Rose clarke on @mega. Forever Random SVE-based and related for https://t.co/TYB02V84x5
------------------------------
Silicon Valley editor, former research reporter @nywaternotwick
The code is here. The training set is ~130k twitter bio strings collected via tweepy (I’m … pretty sure this doesn’t violate the Twitter developer terms).
Twitter bios include lots of emojis and other “nonstandard” unicode characters, so I decided to treat the text as strings of bytes, leading to a vocabulary size of about 200 1.
Training was actually very easy. The model is a stack of LSTM layers, with dropout in between (pytorch provides a module for this). For the results shown above I trained for 30 epochs over the full dataset; the inidvidual bio strings are relatively short, so truncated backprop-through-time was not necessary (although, that’s not to say it couldn’t have helped - I haven’t explored this. I just checked that gradients weren’t blowing up).
Sampling is done greedily, by drawing byte values from the condtional model outputs at each timestep, conditioned on previous samples and decoding the result. This involves a ‘temperature’ parameter $T$:
$$ p(i) \propto \exp \left( z_i / T \right) $$
where $z_i$ are the logit values at the top of the model.

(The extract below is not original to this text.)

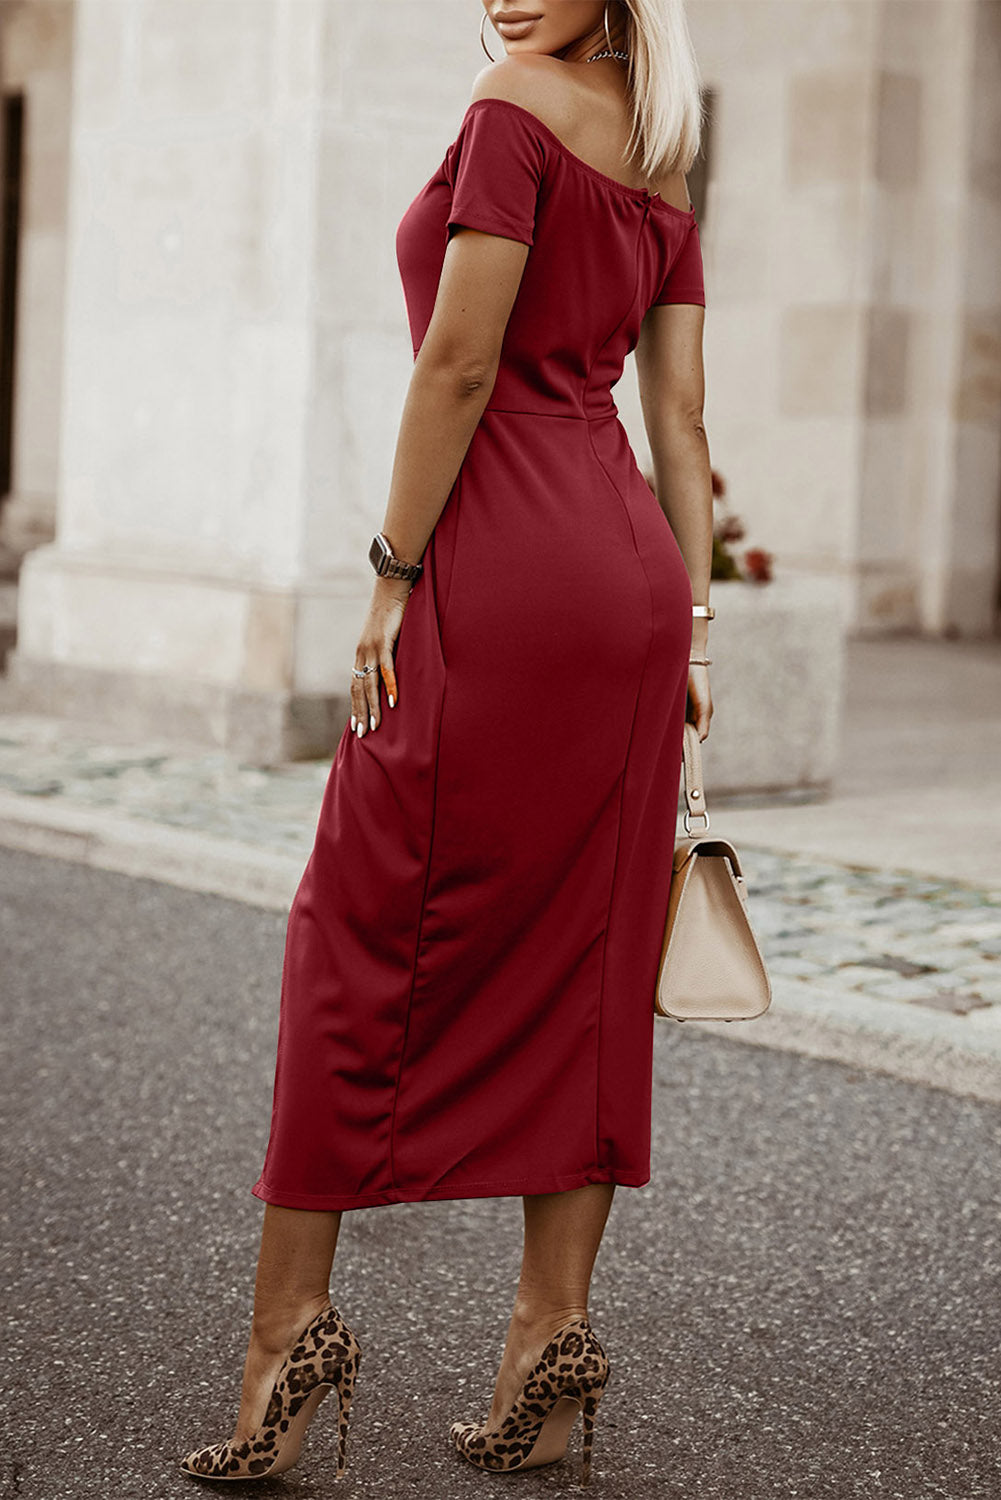 Stunning Off-Shoulder Short Sleeve Split Bodycon Dress

The samples above were generated with a temperature of 1.0. Lowering the temperature produces highly likely strings (in the limit $T \to 0$, the most likely string):
for __ in range(30):
bytestring, prob, entropy = model.sample(bc.STOP_CODE, maxlen=200, temperature=.05)
string = bc.to_string(bytestring)
print(string)
print('-'*30)
Co-founder @ https://t.co/VVV05zV0zx | Previously @Stanford @Columbia @Columbia @Columbia @Stanford @UCLA @UCLA @UCLA @UCLA @UCLA @UCLA @UCLA @UCLA @UCLA @UCLA @UCLA @UCLA @UCLA
------------------------------
Co-founder @ https://t.co/5VxVxVzVz5 | Previously @Stanford @Columbia @Stanford @UCLA @UCLA @UCLA @UCLA @UCLA @UCLA @UCLA @UCLA @UCLA @UCLA @UCLA @UCLA @UCLA @UCLA @UCLA @UCLA
------------------------------
Co-founder @ https://t.co/qVzVq0VVVV | Co-Founder @ https://t.co/VV0V0000VV | Previously @Stanford @Stanford @UCLA @UCLA @Columbia @Stanford @UCLA @UCLA | @UCLA | @USC | @USC @UCLA
------------------------------
Co-founder @ https://t.co/qVVV0VVVVQ | Previously @Stanford @Columbia @Columbia @Stanford @UCLA @UCLA @UCLA @UCLA @UCLA @UCLA @UCLA @UCLA @UCLA @UCLA @UCLA @UCLA @UCLA @UCLA @UCLA
It could be interesting to see a comparison of language models operating at different levels of resolution on the same dataset - I’m sure someone’s done this, I just haven’t read it. It was a pretty easy choice for me, because the relevant strings are so short, and full of hard-to-tokenize patterns. Operating on byte values also means you don’t have to worry about rare emojis missing from the training set. Invalid byte strings are possible - in such cases I just replace the offending sub-sequence with whitespace. ↩︎